TRL - Transformer Reinforcement Learning

TRL Banner


A comprehensive library to post-train foundation models

License Documentation GitHub release

Overview

TRL is a cutting-edge library designed for post-training foundation models using advanced techniques like Supervised Fine-Tuning (SFT), Proximal Policy Optimization (PPO), and Direct Preference Optimization (DPO).
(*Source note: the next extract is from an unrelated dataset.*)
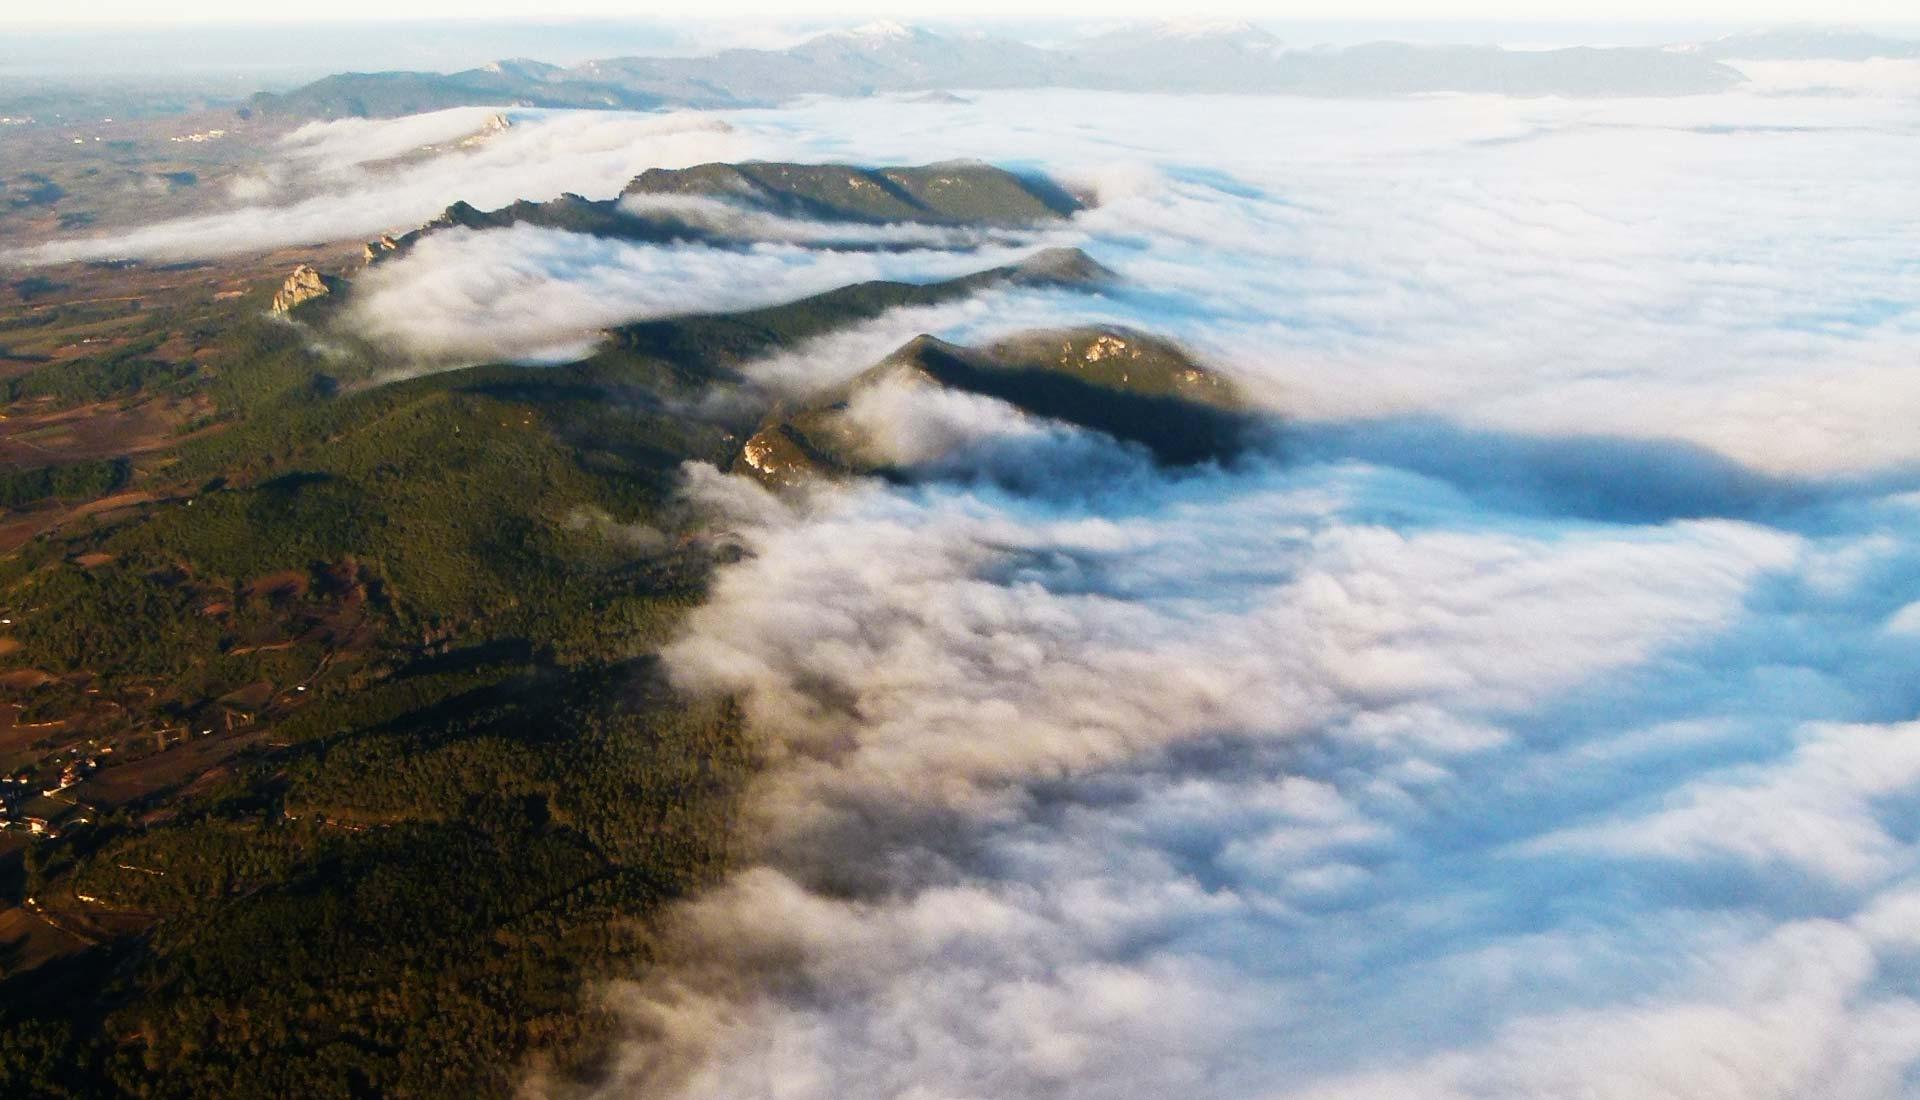 vuelo en globo arcoiris 55 min

Built on top of the 🤗 Transformers ecosystem, TRL supports a variety of model architectures and modalities, and can be scaled-up across various hardware setups.

Highlights

  • Efficient and scalable:

    • Leverages 🤗 Accelerate to scale from single GPU to multi-node clusters using methods like DDP and DeepSpeed.
    • Full integration with PEFT enables training on large models with modest hardware via quantization and LoRA/QLoRA.
    • Integrates Unsloth for accelerating training using optimized kernels.
  • Command Line Interface (CLI): A simple interface lets you fine-tune and interact with models without needing to write code.

  • Trainers: Various fine-tuning methods are easily accessible via trainers like SFTTrainer, DPOTrainer, RewardTrainer, ORPOTrainer and more.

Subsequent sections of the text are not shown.